The billboards go up in early November: the flushed cheeks of a Coca-Cola- reminiscent Santa Claus rendered 10 feet high. The words, the call to action, read simply, “RideTheChristmasTrain.com.”
In less than two days, the 50,000 tickets available for the 2011 season of The Christmas Train in Dry Gulch, U.S.A.—the annual Christmas-time attraction produced by Broken Arrow’s Church on the Move—were gone. They’d sold at a rate of nearly 20 every second.
Boomtown-style wooden buildings and bales of hay line the paved streets. The shelves at the shops—there are three, each bright and packed with candy, ornaments, toys, and shoppers—could pass a white-glove test. Strands of soft, white lights crisscross the streets, and families—fresh from the bumper cars, the arcades, or maybe the pony rides—eat cinnamon rolls together in the glowing windows of one of the three sit-down restaurants. The smell of freshly baked cookies is trumped by the aroma of cowboy stew, then BBQ , then back to cookies again, and action-movie music and bluegrass Christmas songs are played on a loop throughout the park. The streets are free of crumpled candy wrappers and cigarette butts—one of the few places smoking is allowed at Dry Gulch is in a fake cemetery on the outer edge of the park. Dry Gulch at Christmas is a sparkling place. It’s like Silver Dollar City and Disney World’s Frontiertown had a baby, plunked it down in rural northeastern Oklahoma, and kept all the good rides for themselves.

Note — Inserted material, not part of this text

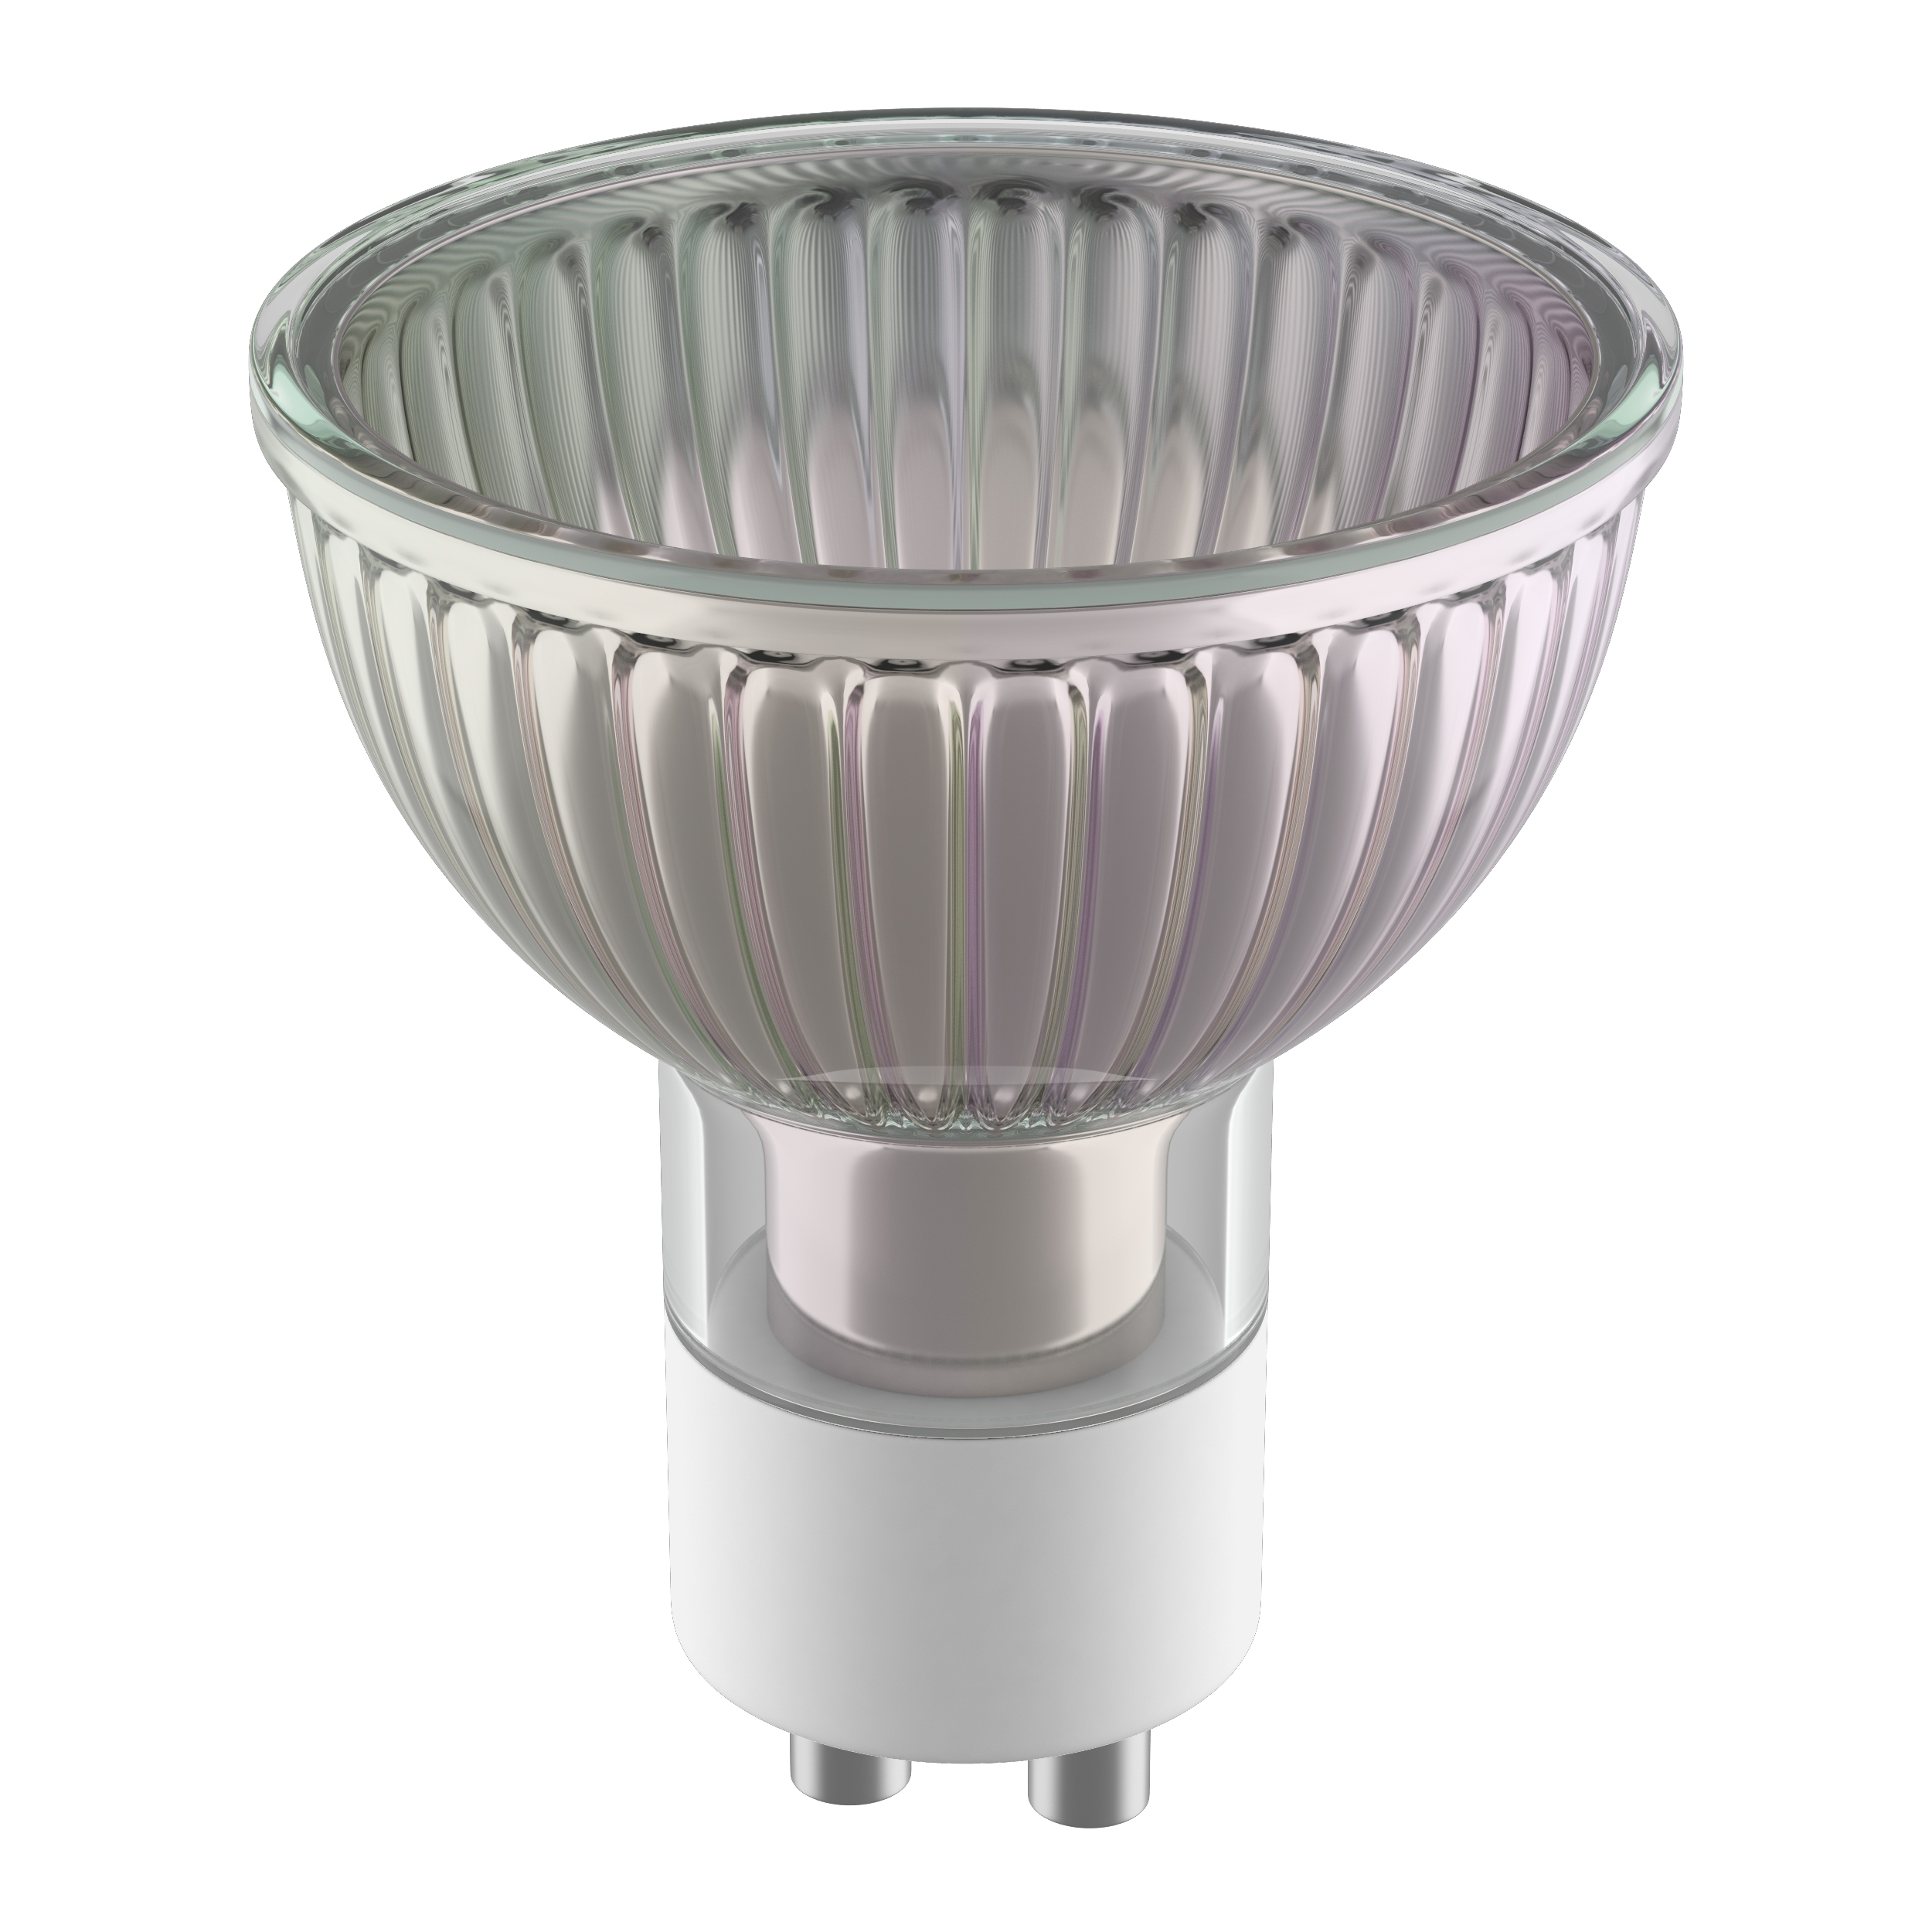 Галогенная лампа Lightstar HAL 922007 HP16 GU10 50W, 2800K (теплый) 220V, диммируемая, гарантия нет гарантии - фото 1

It was originally constructed as an Old West movie set for family films, and now it’s a well-funded, self-conscious reflection of the culture at Church on the Move, of what the church thinks about people, said Kirby Andersen, a pastor at Church on the Move and director of Dry Gulch U.S.A. He patrols the grounds of the park in a black hat and black cowboy boots. He wears a five-pointed star on his chest, and he introduces himself as Sheriff P.K. Andersen. “We believe God deserves our best,” he told me, smiling.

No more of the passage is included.